1D 1H NMR metabolomic analysis revealed significant changes in chemical shifts between the obese control and obese T2DM groups with male and female samples combined. Figure 1 shows that in an OPLS-DA score plot of plasma samples from the two groups, obese control samples are negative for discriminant component t[1] whereas obese T2DM samples are positive for t[1]. This separation of metabolite profiles was also seen when obese control males were compared to obese T2DM males and when obese control females were compared to obese T2DM females (data not shown). The spots in Fig. 1 were then compared with their corresponding individual clinical chemistry data. Samples overlapping in the middle region belonged to control individuals who had blood profiles with fasting blood glucose and HbA1c at the higher end of the distribution in the group and T2DM individuals with lower values within the range of distribution in that group.

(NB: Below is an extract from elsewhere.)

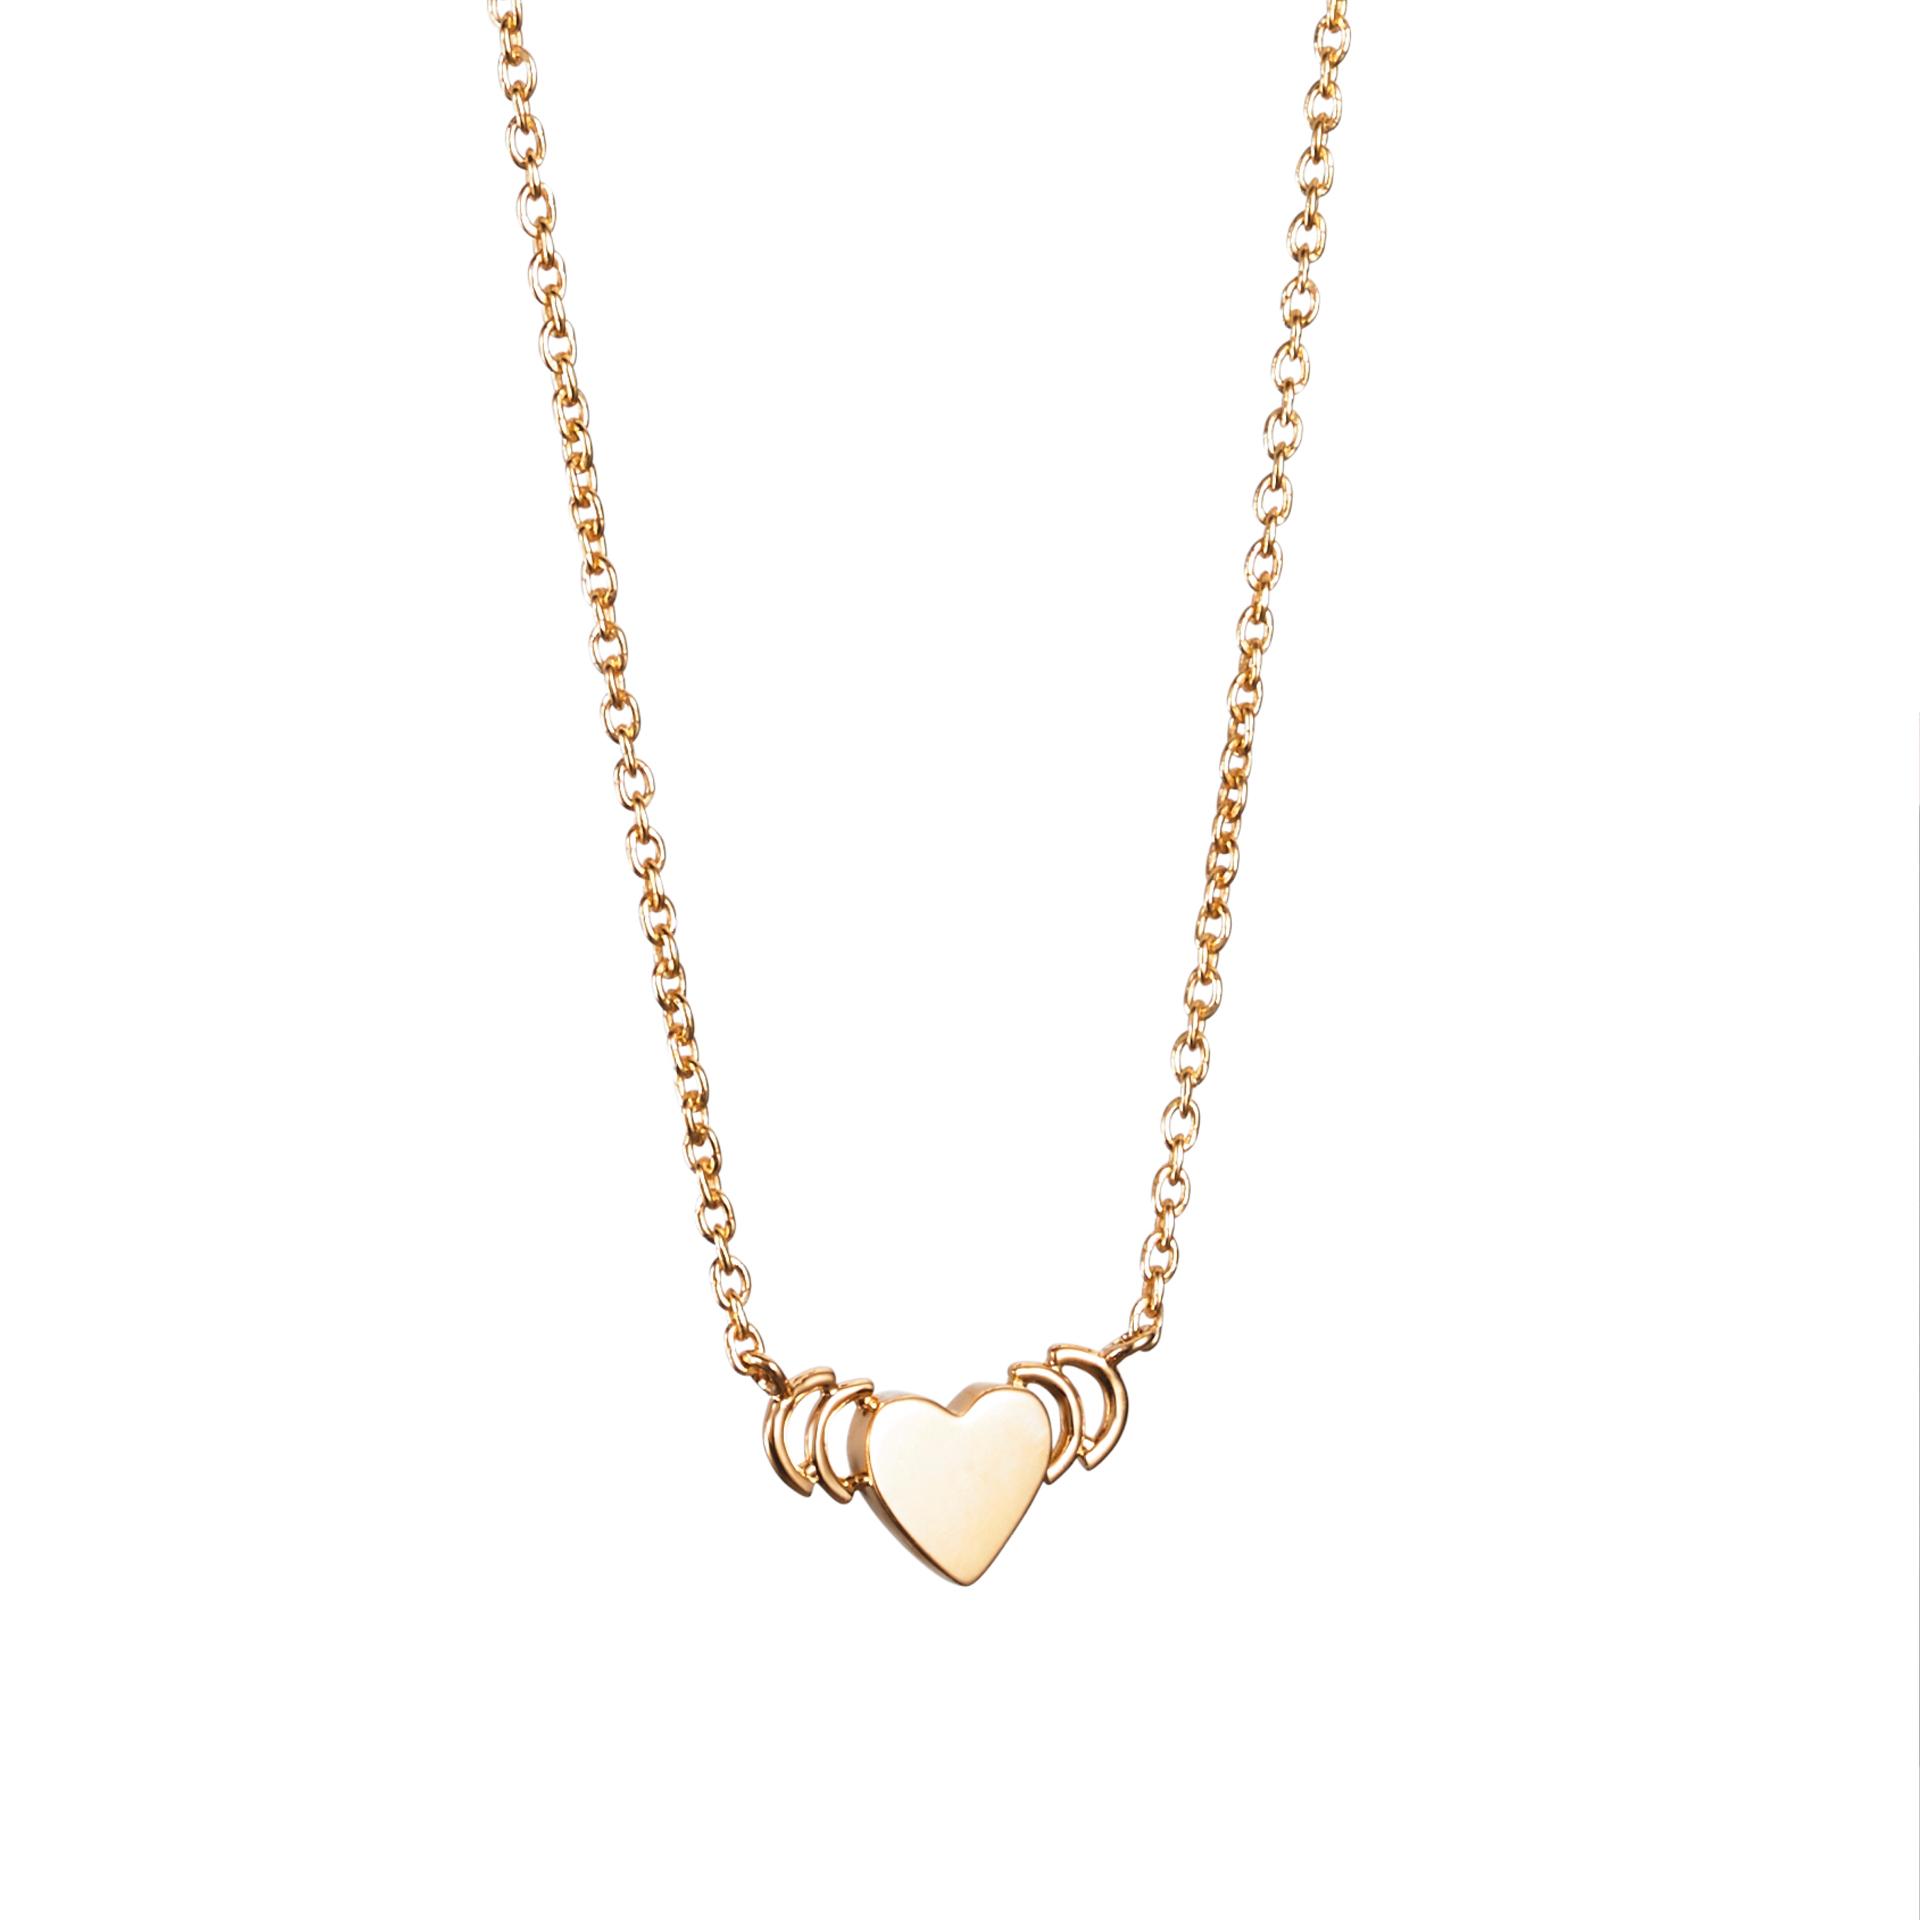 WITH LOVE NECKLACE.
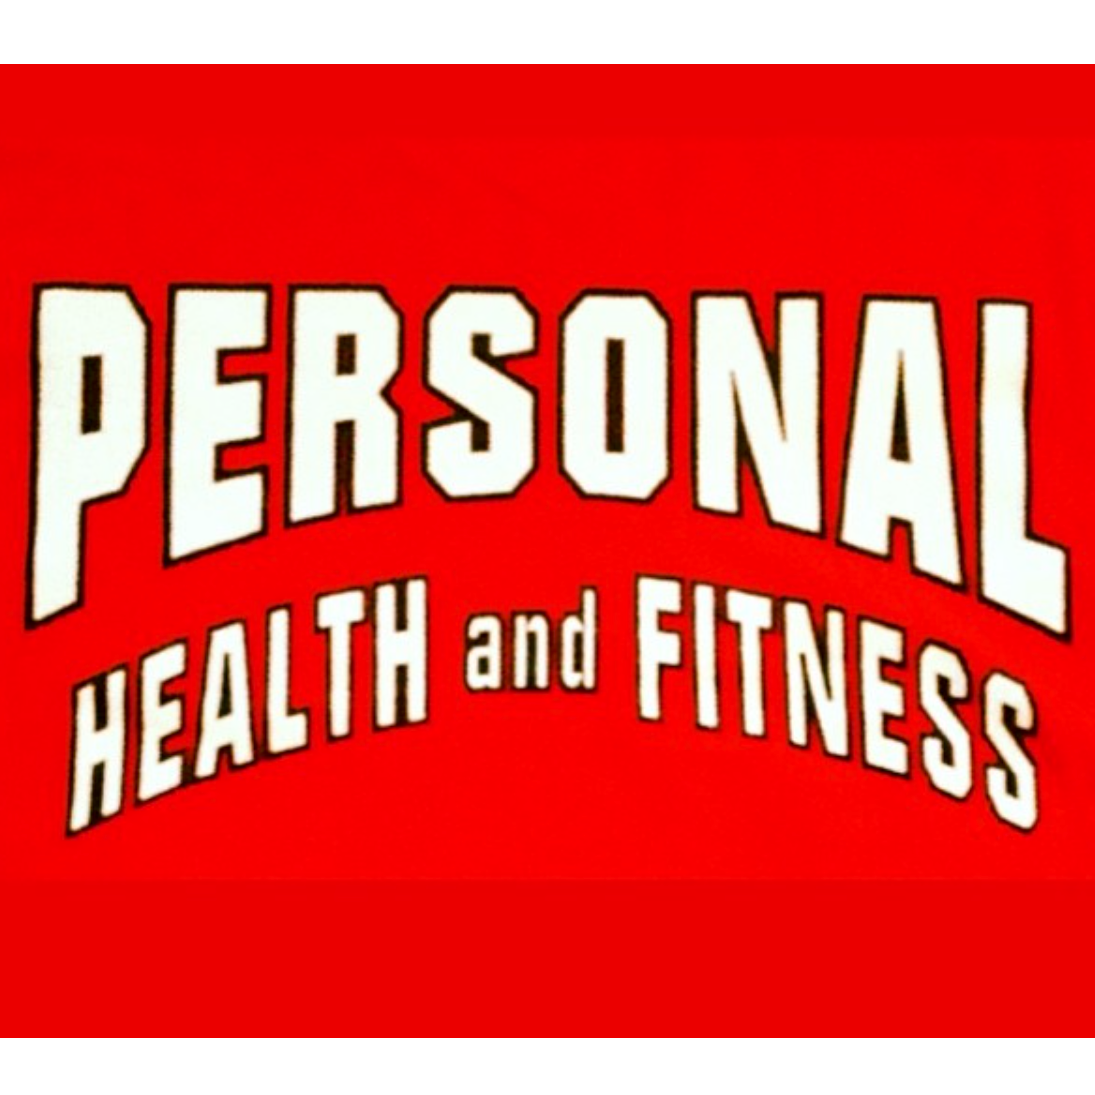 Personal Health and Fitness Logo

The spots at the extremities of each distribution in Fig. 1 were samples of control individuals with normal plasma glucose and HbA1c profiles or T2DM individuals with higher plasma levels of glucose and HbA1c.

Figure 1
figure 1

Scores plot from OPLS-DA model derived from 1D 1H NMR spectral data of 8 h fasted plasma samples from obese control (n = 50) and obese T2DM (n = 50) subjects. NMR preparation, data processing and integration was carried out as described in the methods section. Every spot in the plot represents one plasma sample. Green: obese control samples; Pink: obese T2DM patient samples.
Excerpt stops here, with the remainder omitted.